Determinants of Corporate Environmental Performance

Date of Submission

2007

Document Type

Dissertation

Degree Name

Doctor of Science in Management Systems (Sc.D.)

Department

Management

Advisor

William Pan

Committee Member

Roman Zajac

Committee Member

Ben Judd

LC Subject Headings

Industrial management--Environmental aspects, Production management--Environmental aspects

Call No. at the Univ. of New Haven Library

AS 36 N290 Mgmt. Syst. 2007 no. 7

Abstract

This study addresses the main question: “What are the determinants of corporate environmental performance?” Based on this research question, I then formulate the study objectives such as: (1) To explore the relationship between the level of corporate environmental performance and the R&D concentration, (2) To explore the relationships between the level of corporate environmental performance and the employee productivity, (3) To explore the relationship between the level of corporate environmental performance and the growth rate, (4) To explore the relationship between the level of corporate environmental performance and the capital intensity, (5) To explore the relationship between the level of corporate environmental performance and the industry’s stringency of environmental regulation, and (6) To explore the relationship between the level of corporate environmental performance and firm size.

Previous studies predicted that innovative environmental strategies could lead to the development of corporate specific capabilities. These organizational capabilities, in turn, within organizations are seen to influence competitive strategies and organizational outcomes. This study indicates that there is a link between green business strategy as measured by corporate environmental performance and organizational capabilities as measured by R&D intensity, employee productivity, firm growth, capital intensity, the stringency of industry regulation, and firm size.

Firm size, because of insignificant result, was dropped for regression analysis. The results of the multiple regression analysis suggest the R- Square is 90.20%. It means that 90.20% of the observed variability in environmental performance are explained by the five independent variables. The analysis of variance suggests that the observed significance level is less than 0.05, the alternative hypothesis is accepted that at least one of the population regression coefficients is not 0, and therefore, it can be concluded that there is linear relationship between corporate environmental performance and the five independent variables.

The main implication of this study is that the ability to make a prediction of corporate environmental performance is based on the following formula:

Predicted Y = -0.505 + 9.64 x RDSales + 0.0067 x EMProd + 2.28 x CAPisity + 0.42 ENVReg + 0.052 FGrowth.
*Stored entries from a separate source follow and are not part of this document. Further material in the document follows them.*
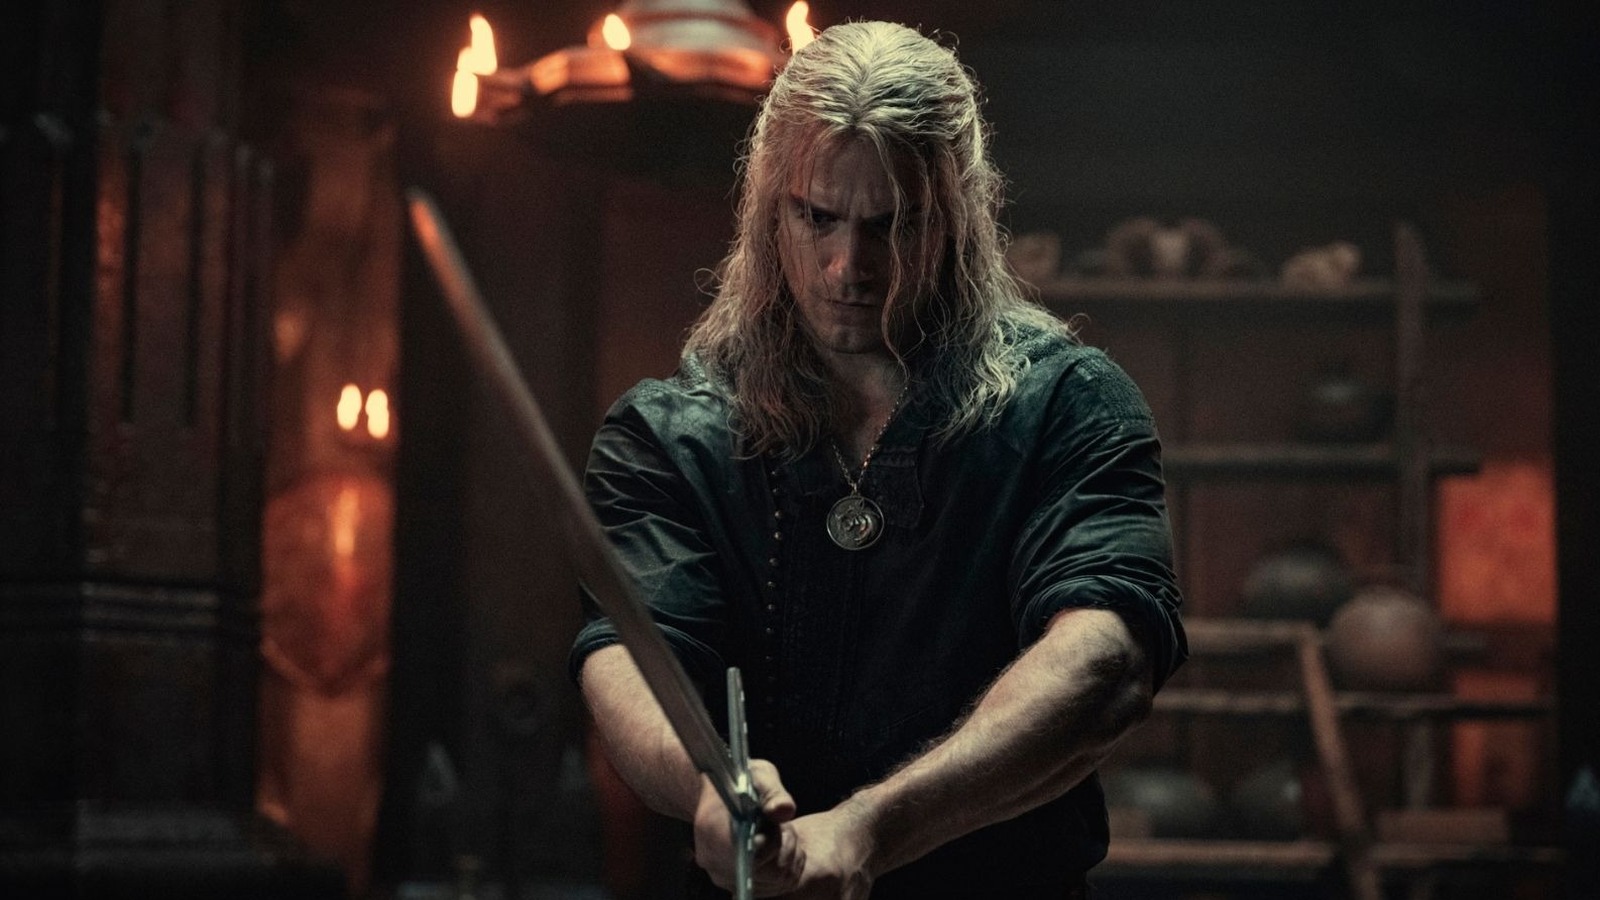 The Witcher' Season 3, 'Blood Origin' Release Dates Set on Netflix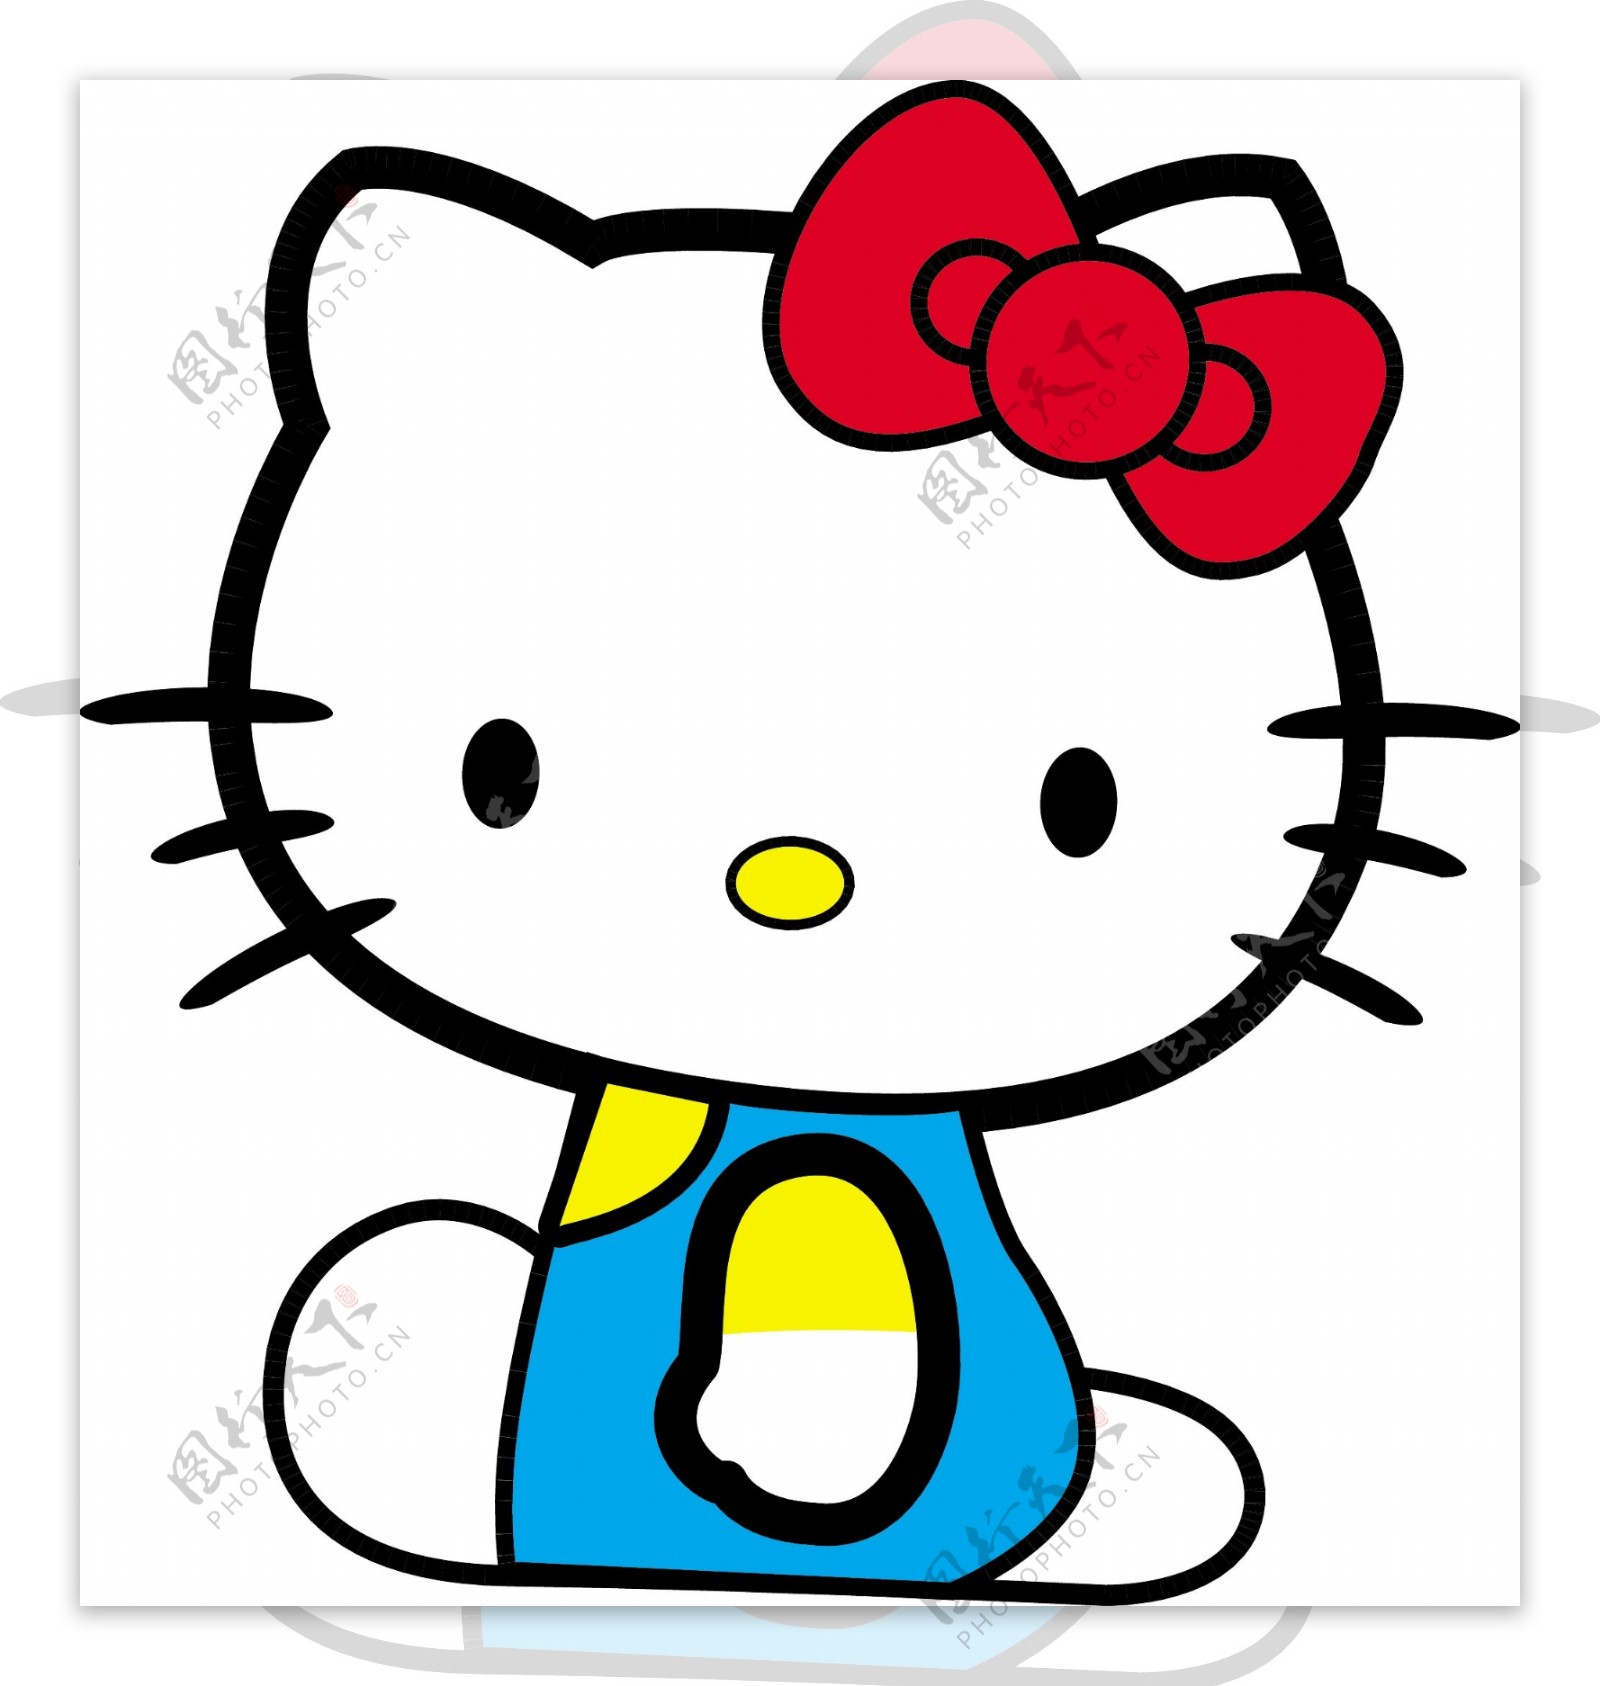 kitty猫凯蒂猫kt猫卡通图片素材-编号12867266-图行天下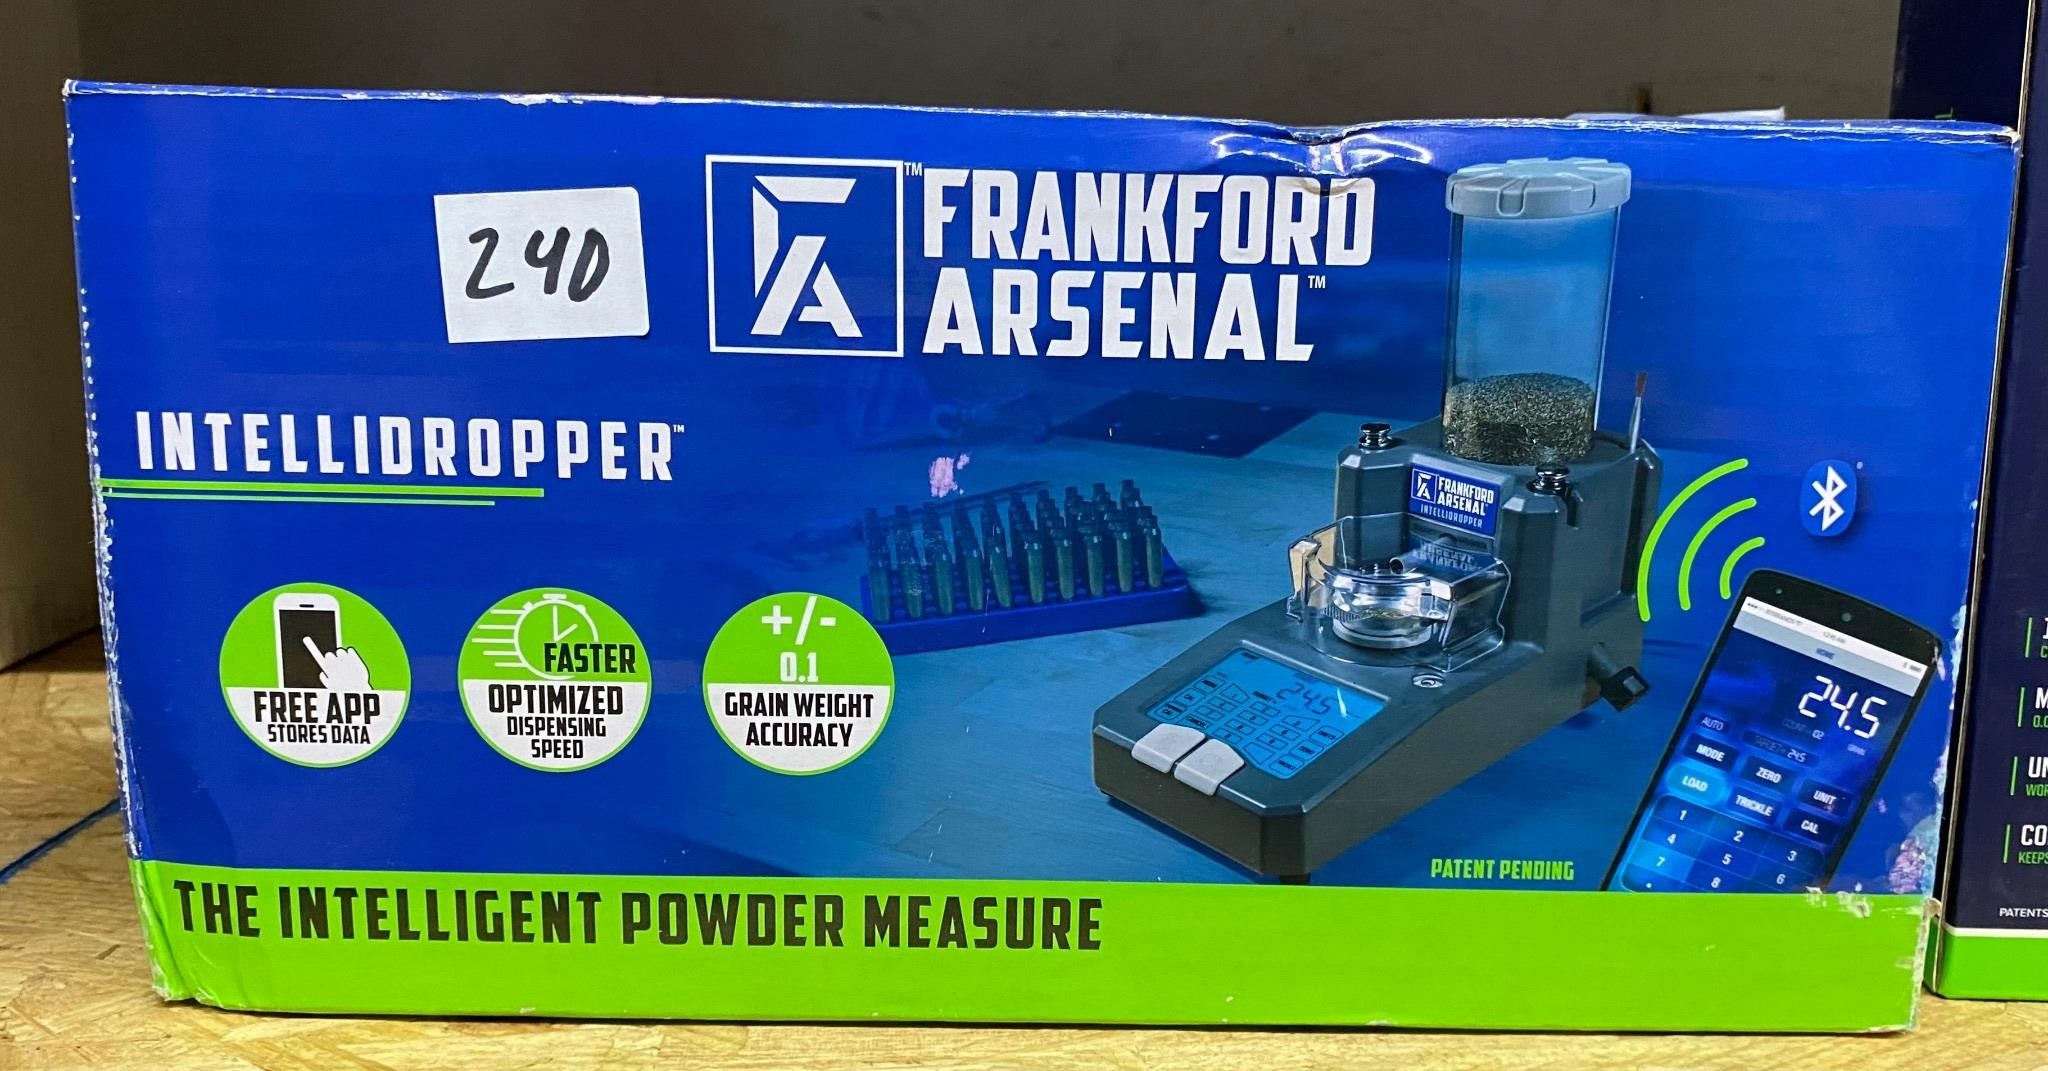 Frankford Intellidropper, Powder Measure

Where Y is the predicted level of corporate environmental performance. In this multiple regression equation, the regression coefficient for the variable indicates how much the value of the dependent variable changes when the values of that independent variable increases by 1 and the values of the other independent variables do not change.

The findings of path analysis suggest that there is a direct effect on such variables as the level of corporate environmental performance, the firm growth, the R&D intensity, the employee productivity, and the capital intensity. The regulation stringency plays as a background variable. Focusing on the paths to the level of corporate environmental performance, it can be seen that employee productivity and R&D intensity each had strong effect on the level of corporate environmental performance.

This study, therefore, recommends the need to enhance employee productivity (variable EmProd) and R&D intensity (variable RDSales) to increase the level of corporate environmental performance.